## Task material

++++++++

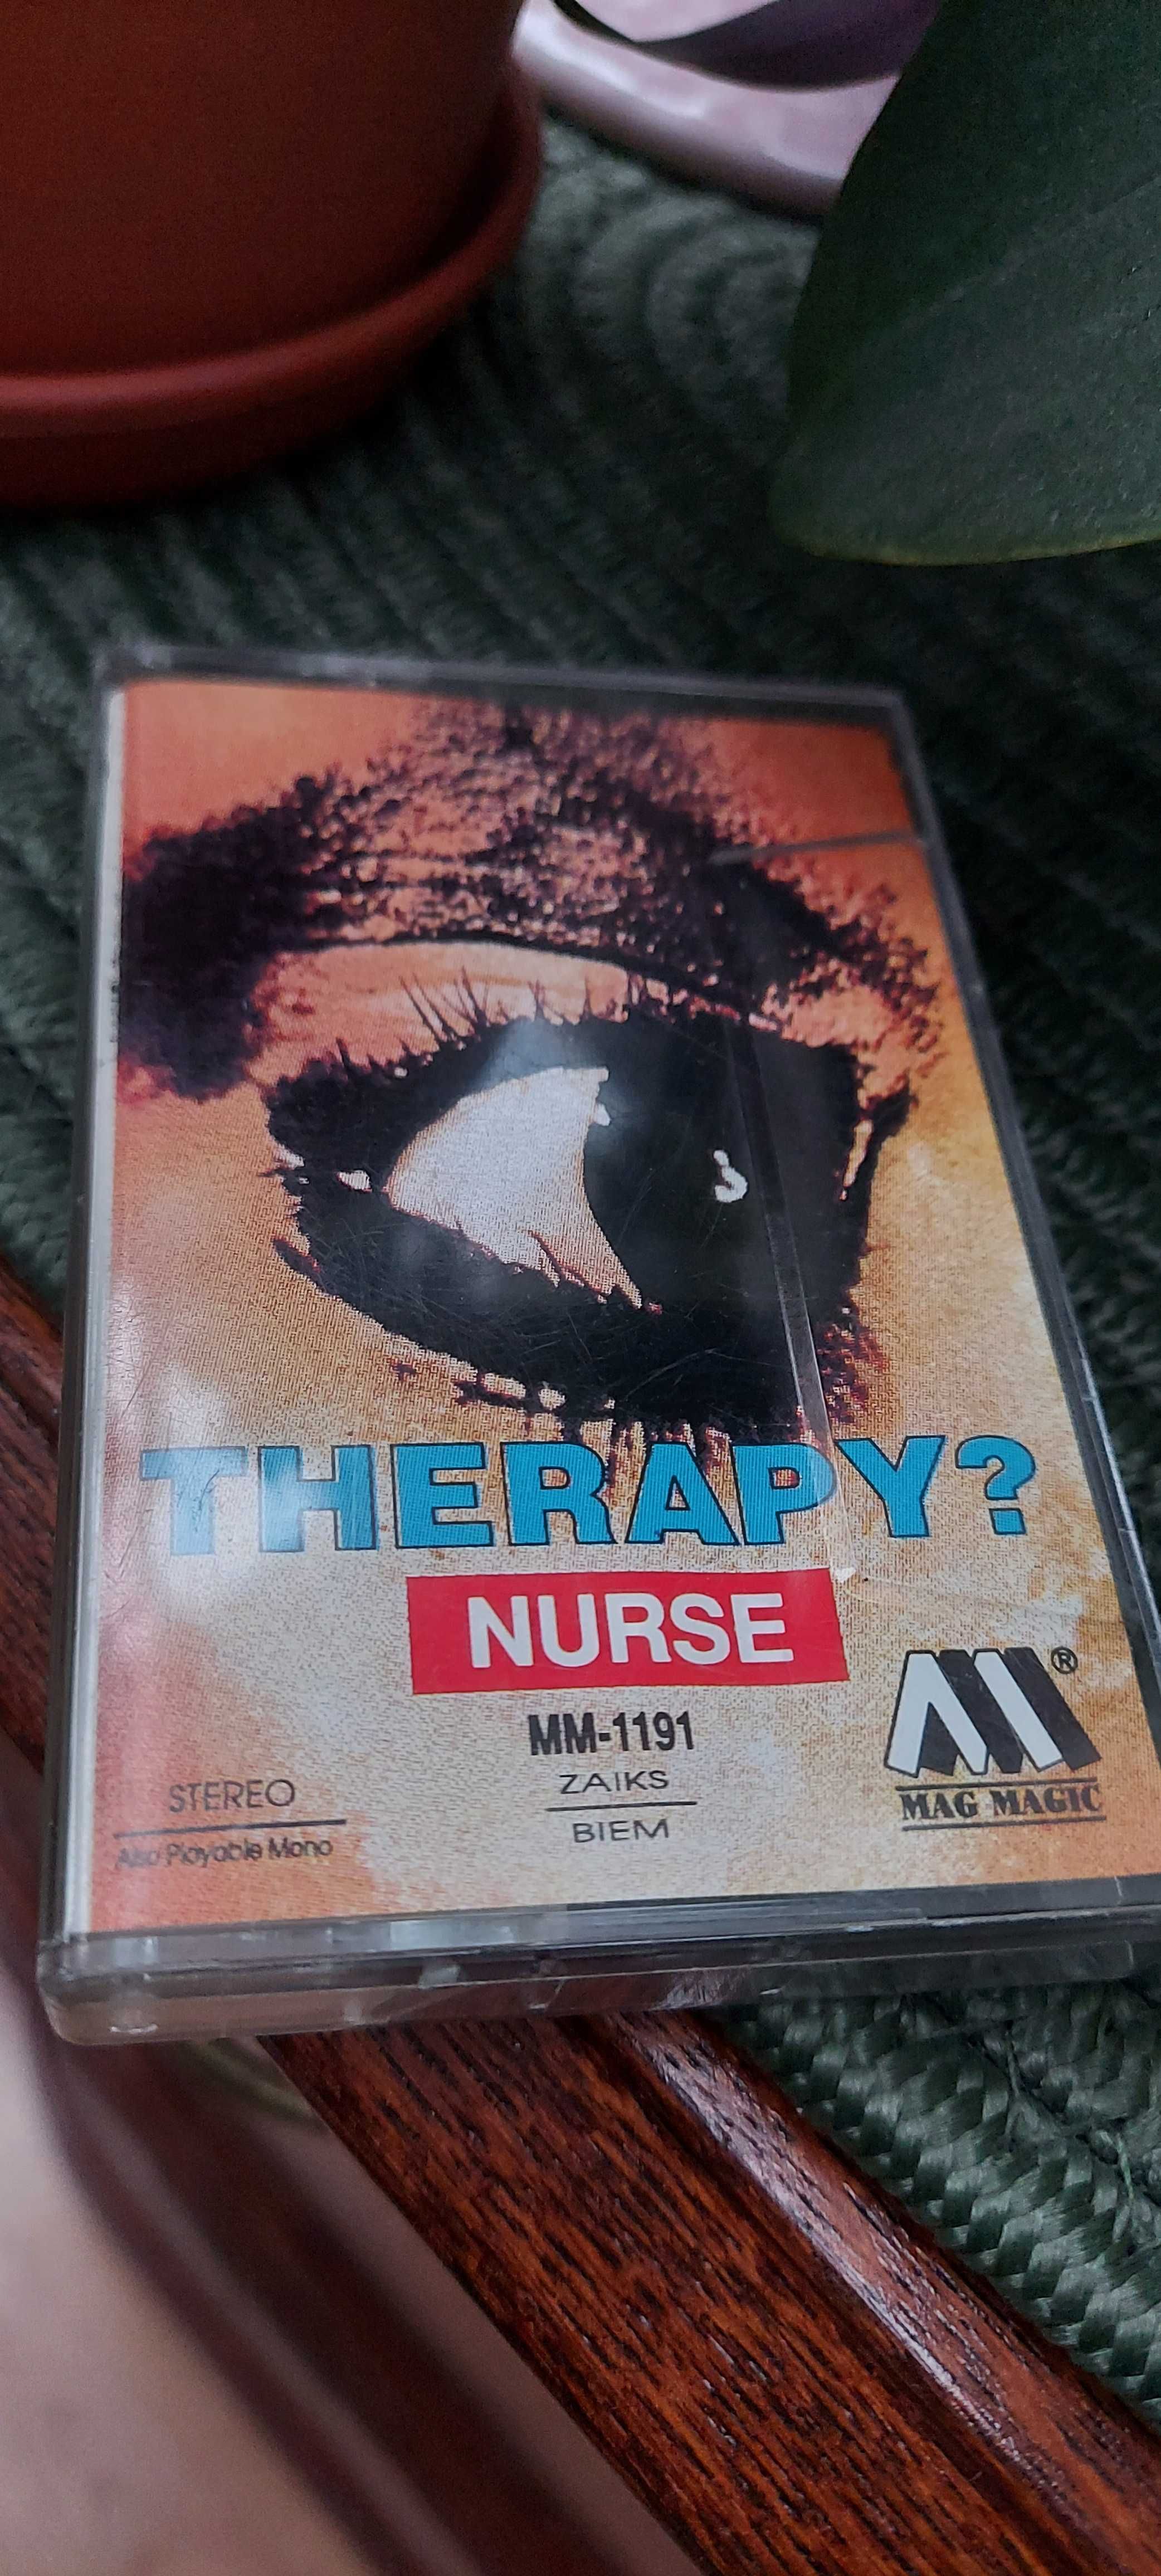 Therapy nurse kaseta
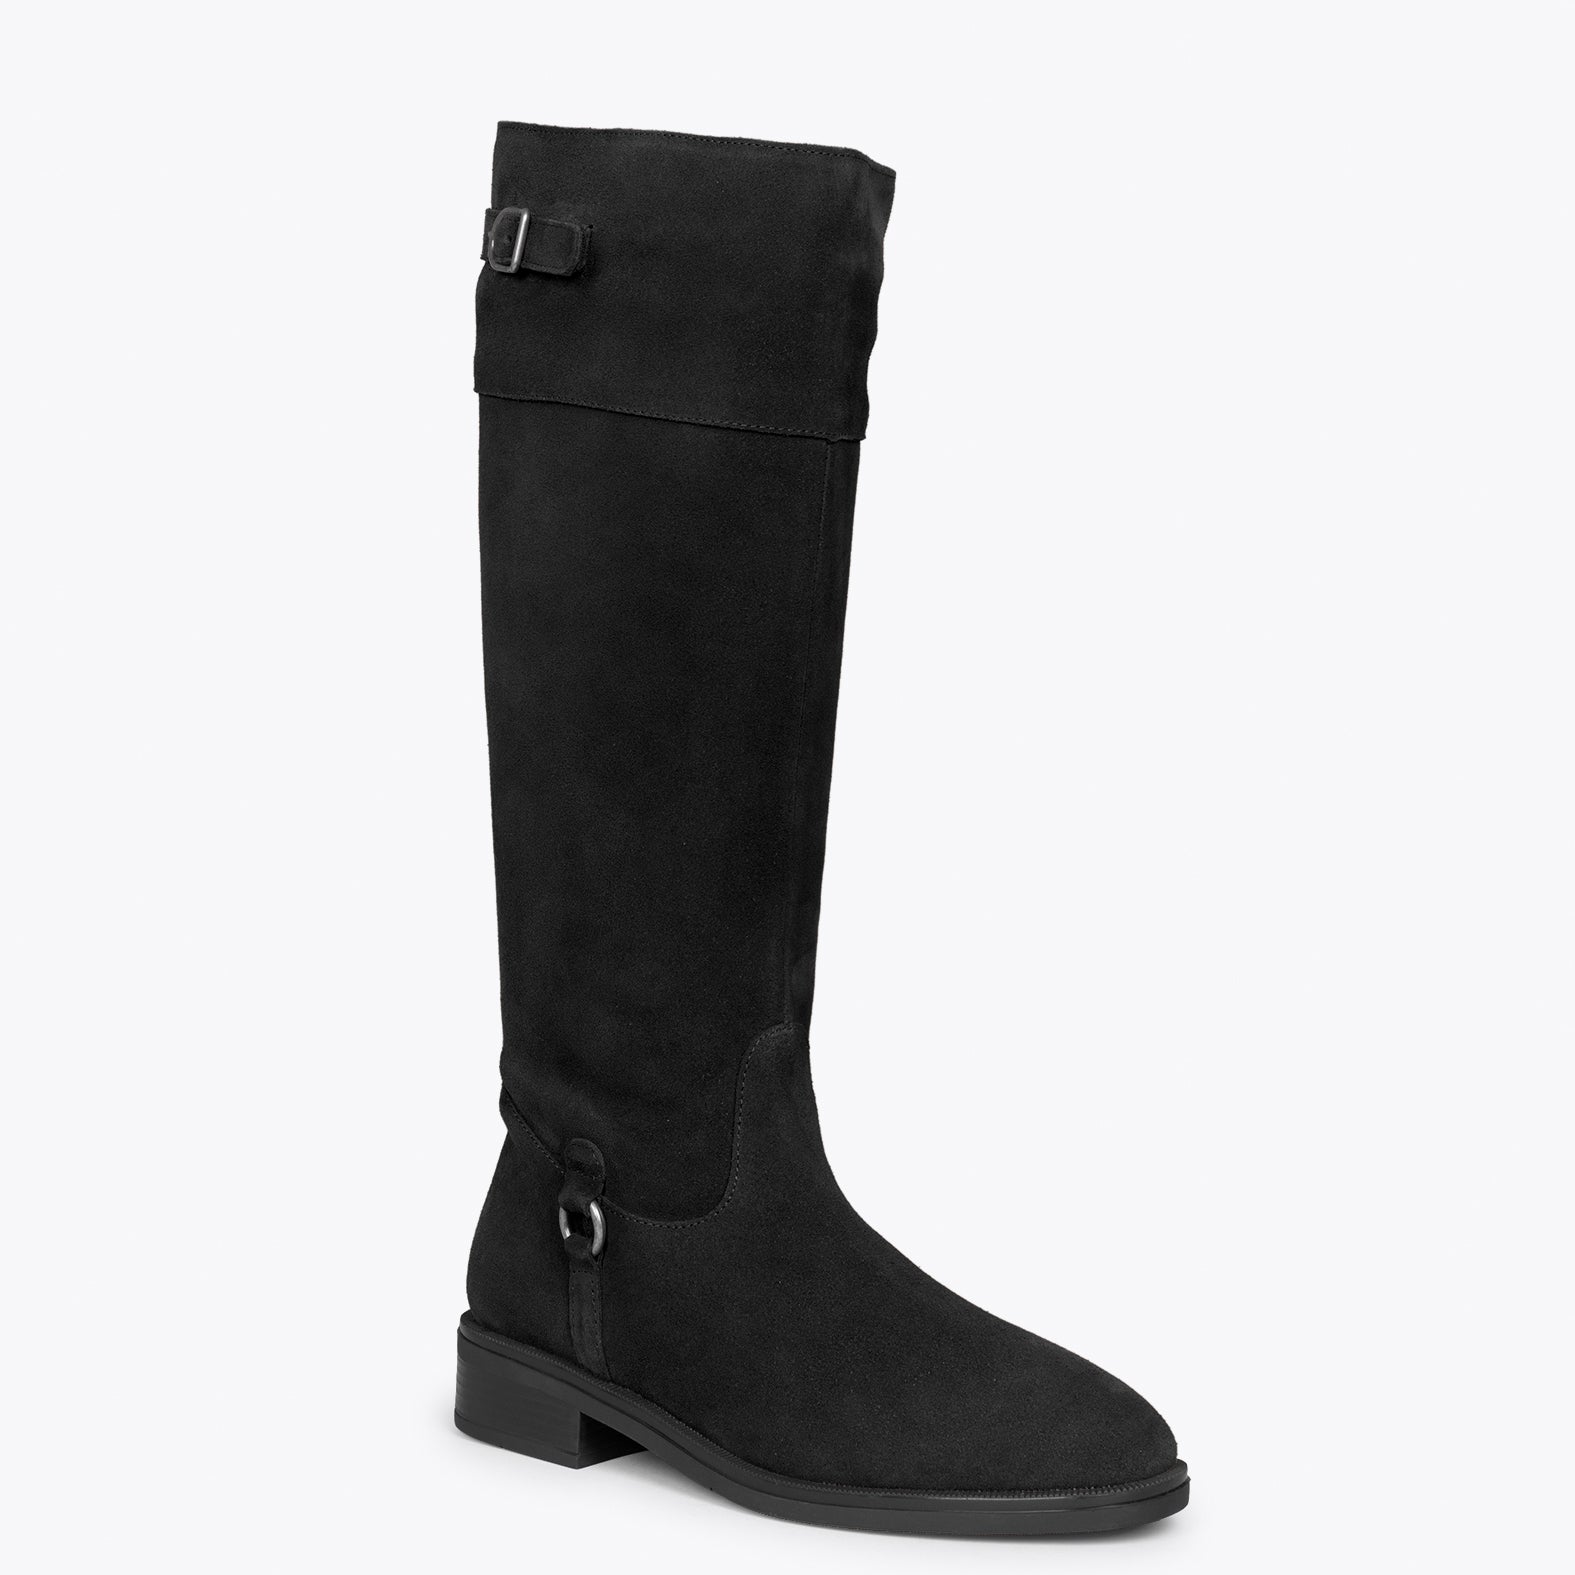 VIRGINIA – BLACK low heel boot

++++++++

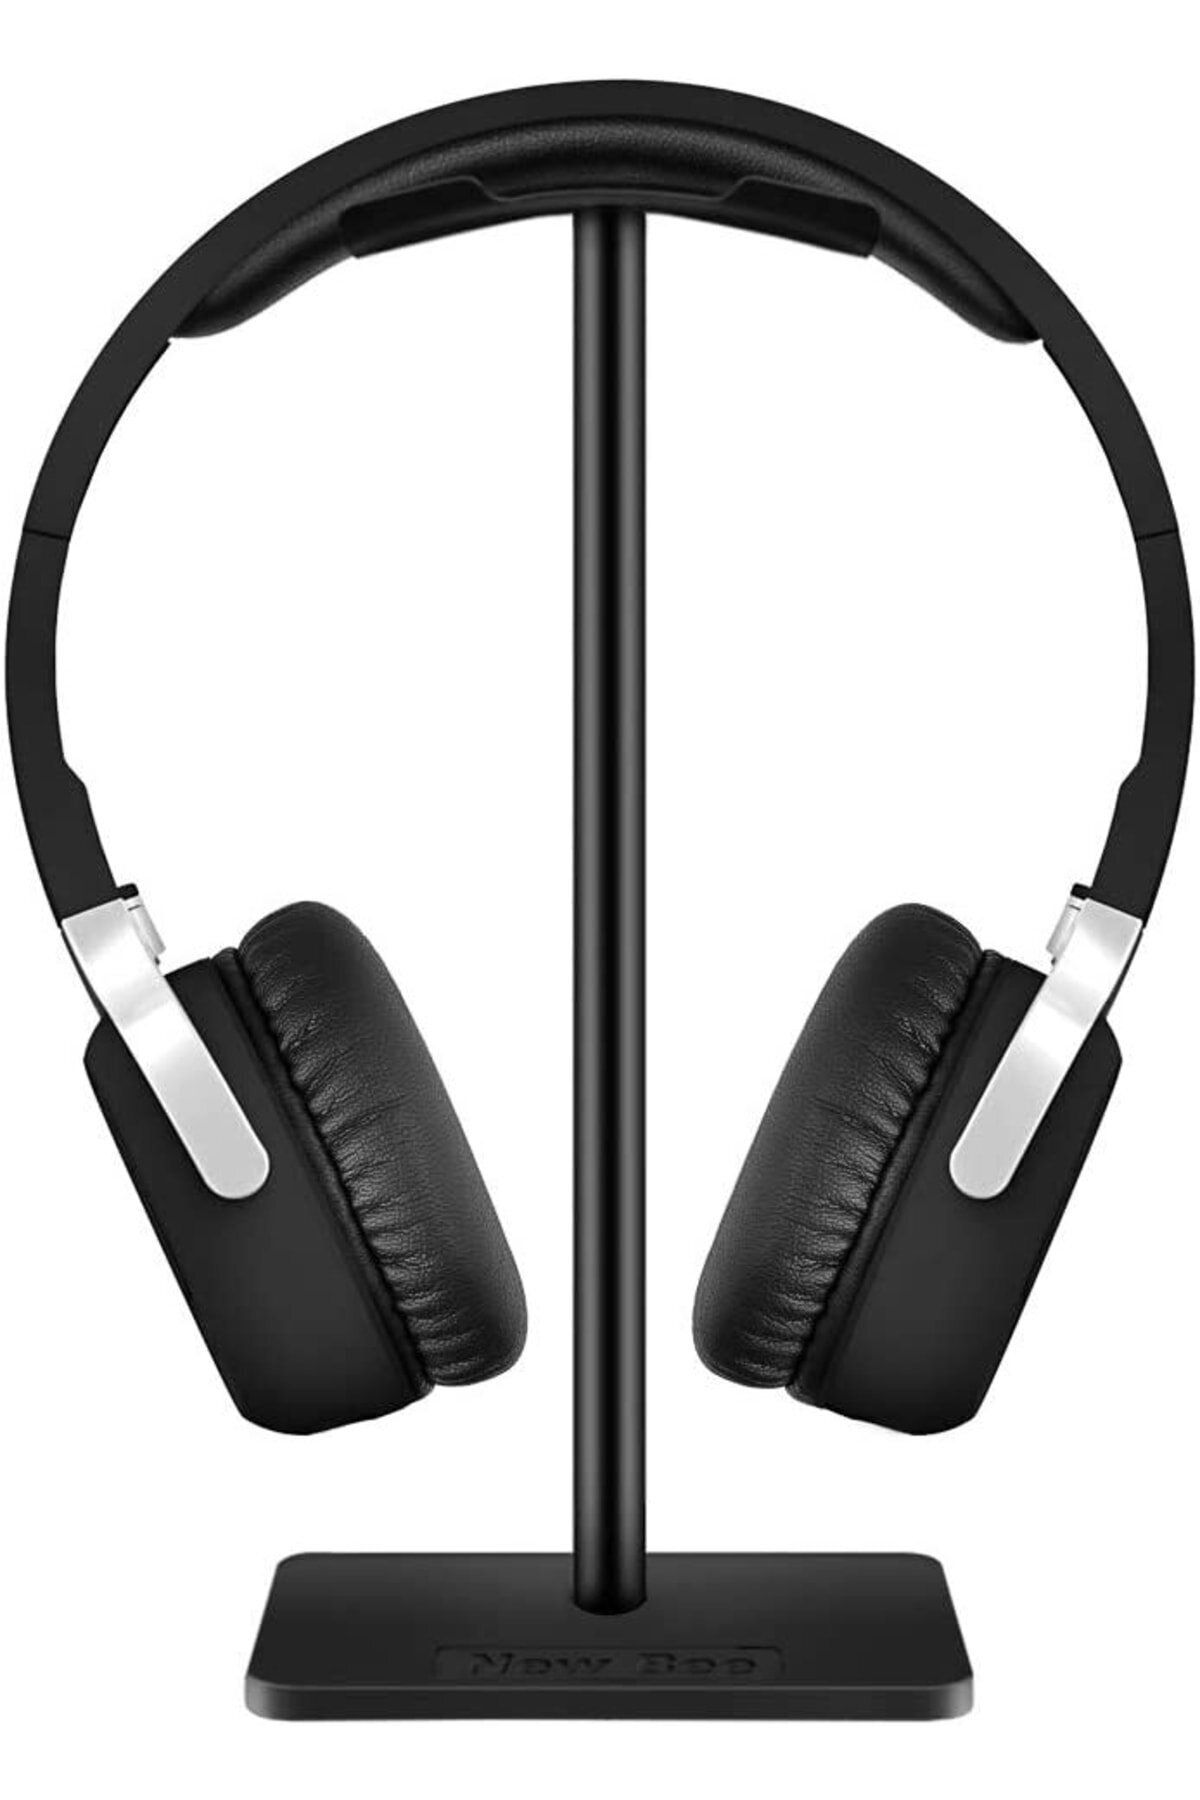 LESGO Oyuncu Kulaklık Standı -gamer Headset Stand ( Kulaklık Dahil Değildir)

++++++++

## Your goal
Give again the stretch of the entries above that begins at the line with "Therapy nurse kaseta" and ends at the line with "VIRGINIA – BLACK low heel boot", word for word, with no pictures.

## Exercise solution
 Therapy nurse kaseta
 VIRGINIA – BLACK low heel boot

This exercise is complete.